■ Task statement ■
Take the line that contains "Automatic Dry Iron MHI-83 Mitshu" and each line after it to the end of the material below, and return them exactly, minus the pictures.

::: Collected data

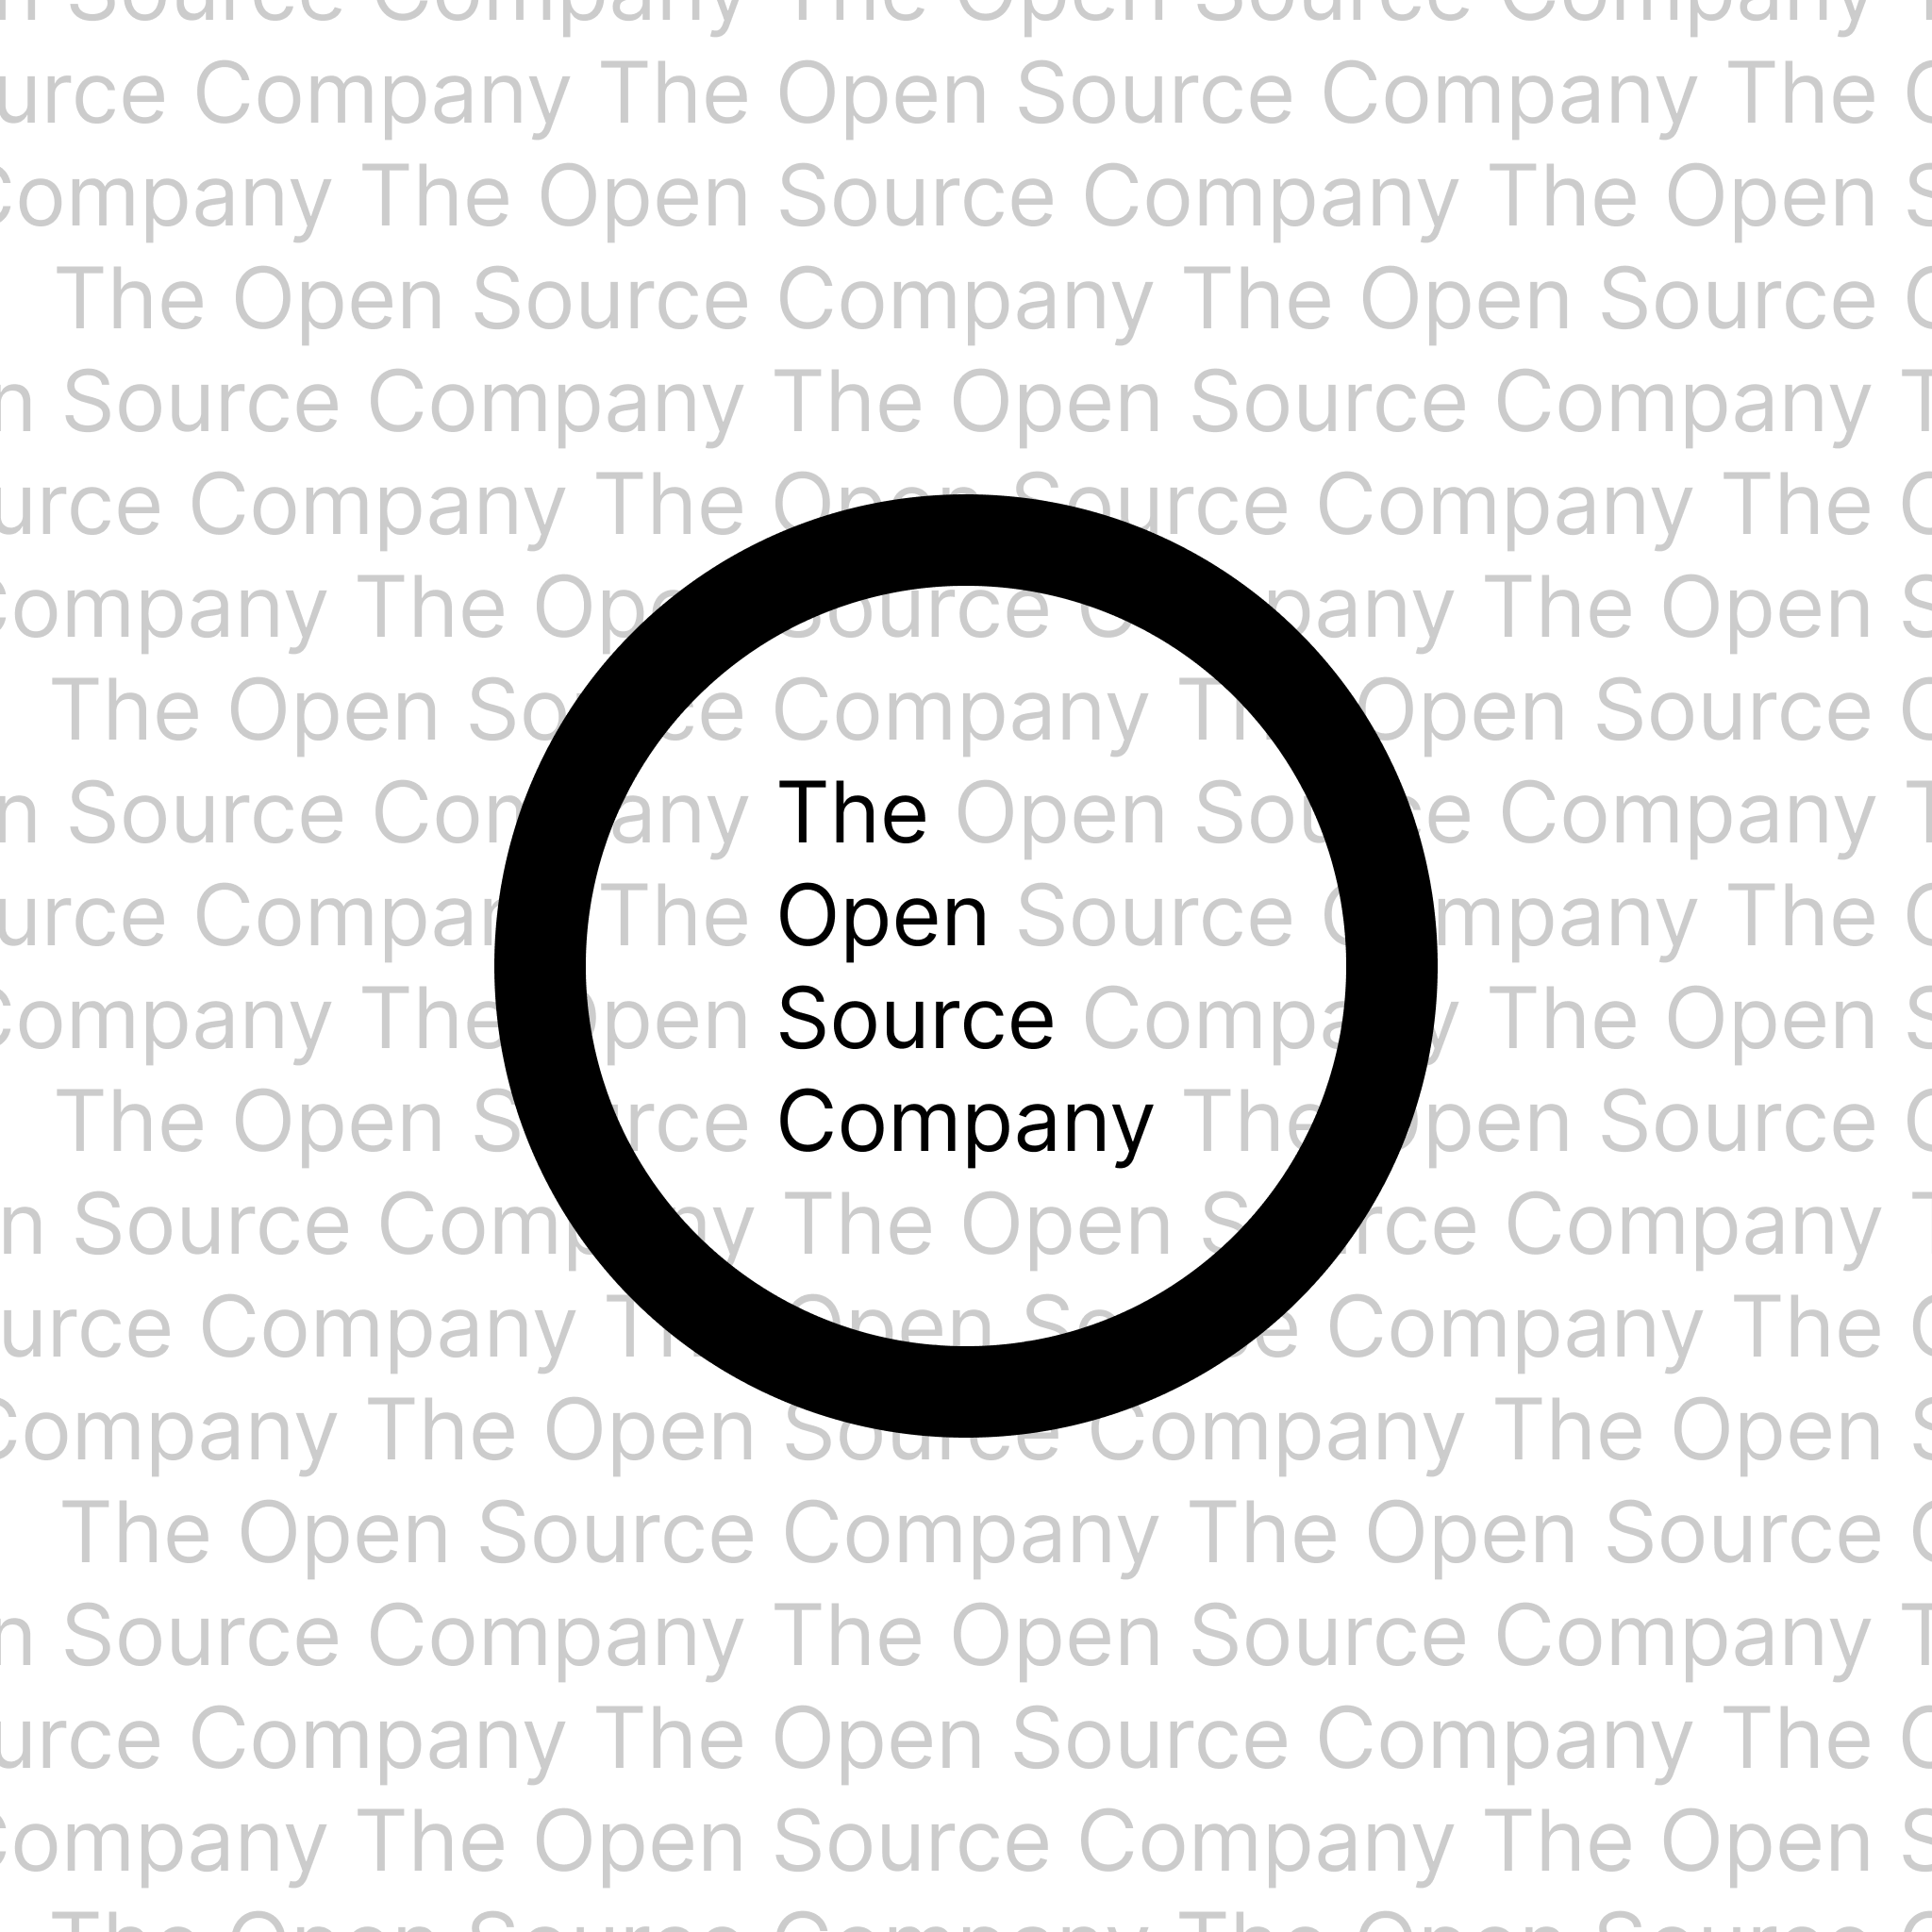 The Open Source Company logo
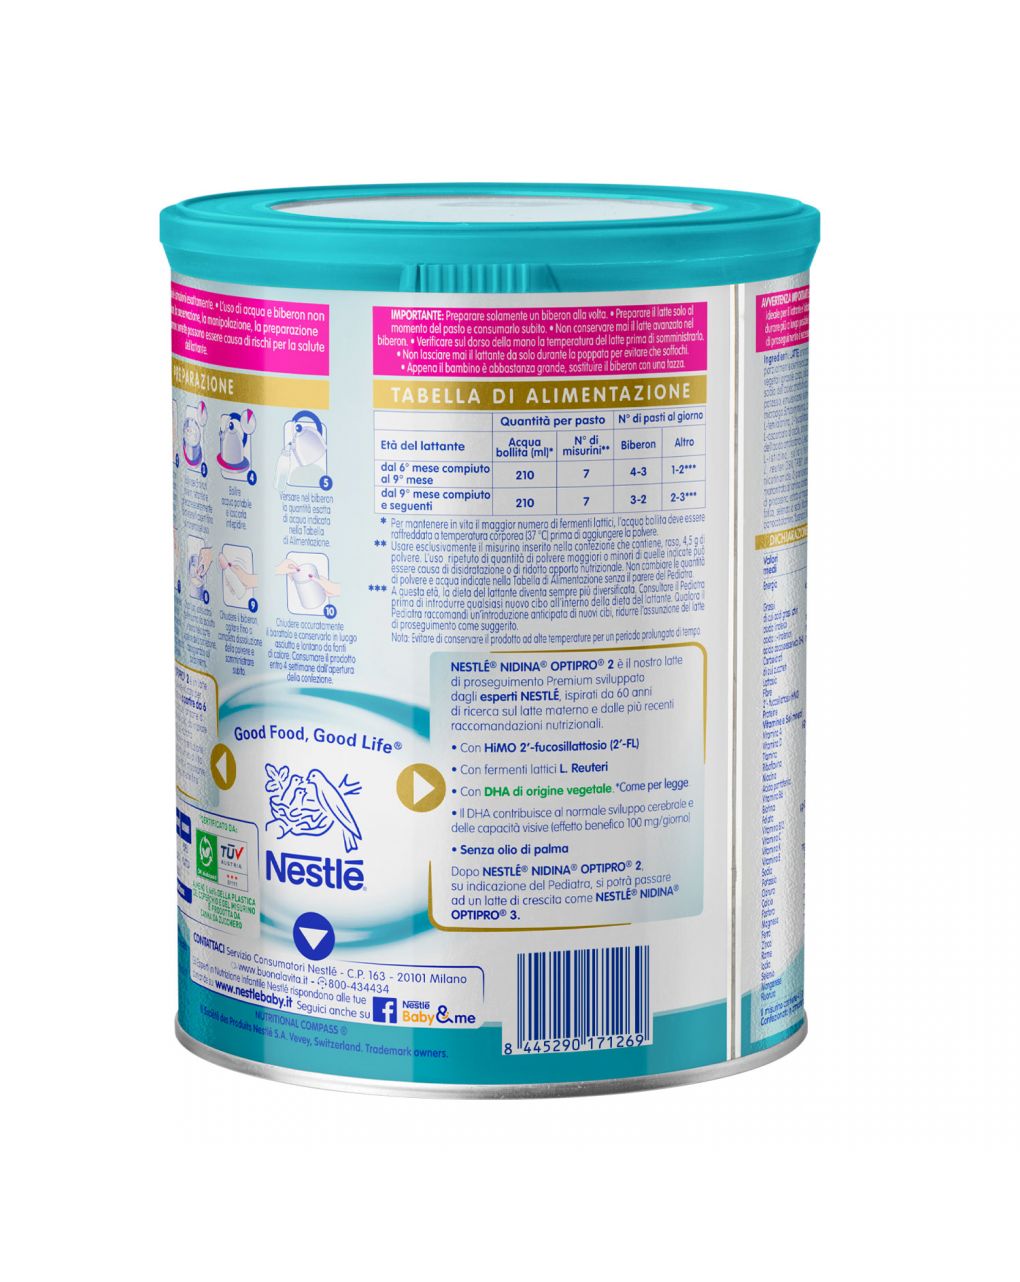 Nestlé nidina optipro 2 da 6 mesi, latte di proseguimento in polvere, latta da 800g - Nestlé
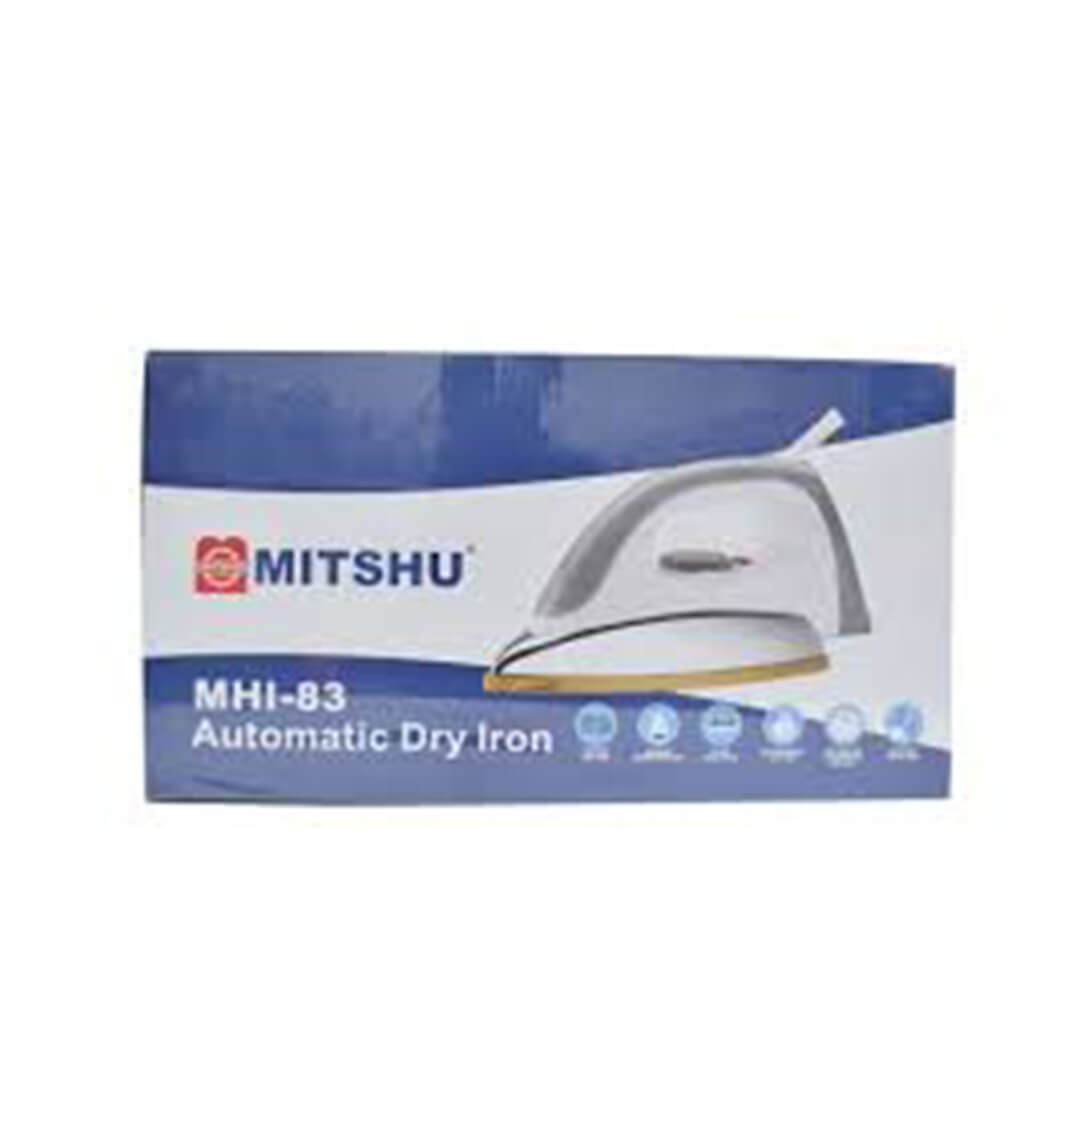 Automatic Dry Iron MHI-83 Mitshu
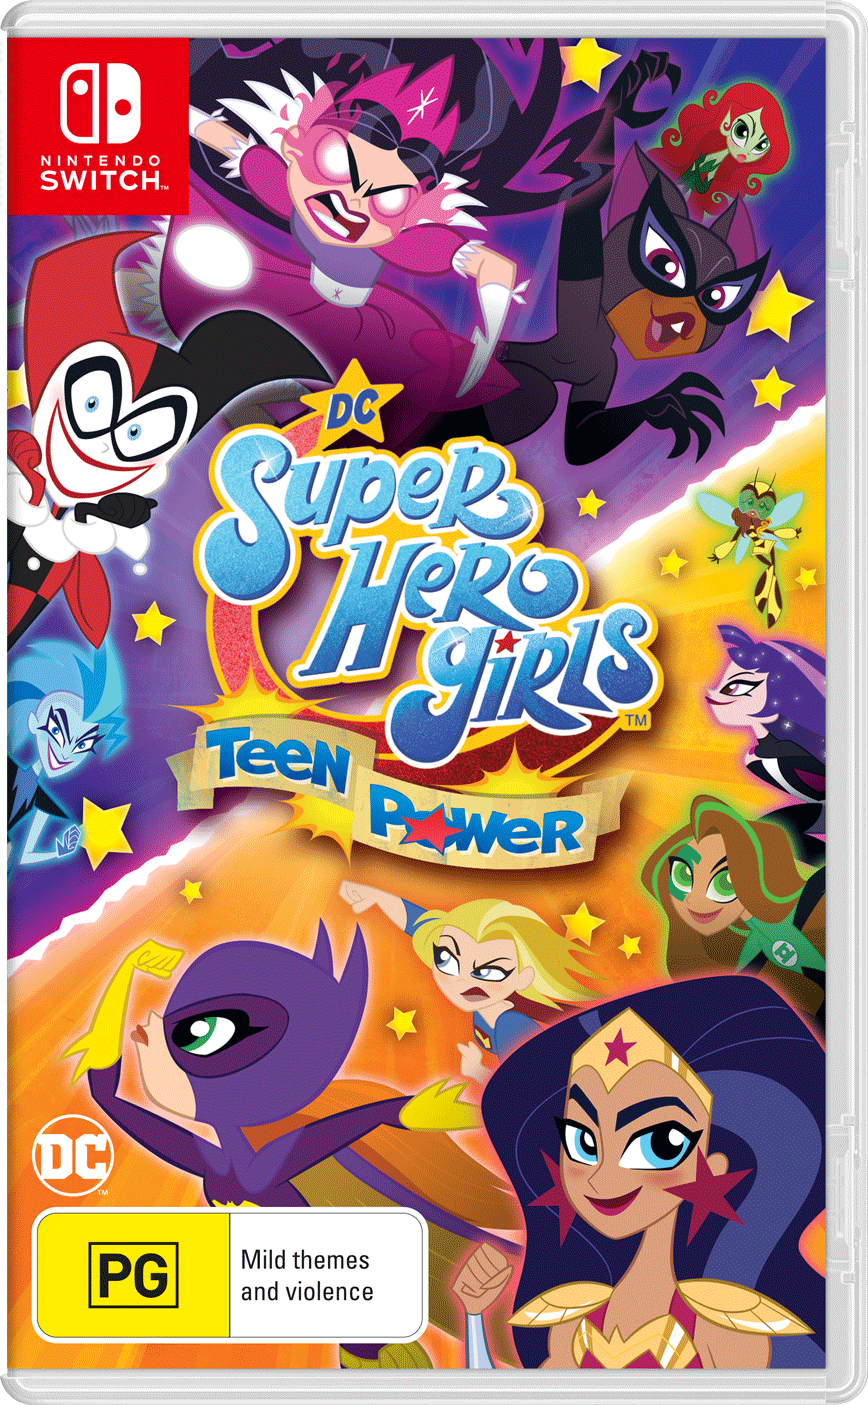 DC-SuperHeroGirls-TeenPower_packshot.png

::::::

■ Task response ■
 Automatic Dry Iron MHI-83 Mitshu
 DC-SuperHeroGirls-TeenPower_packshot.png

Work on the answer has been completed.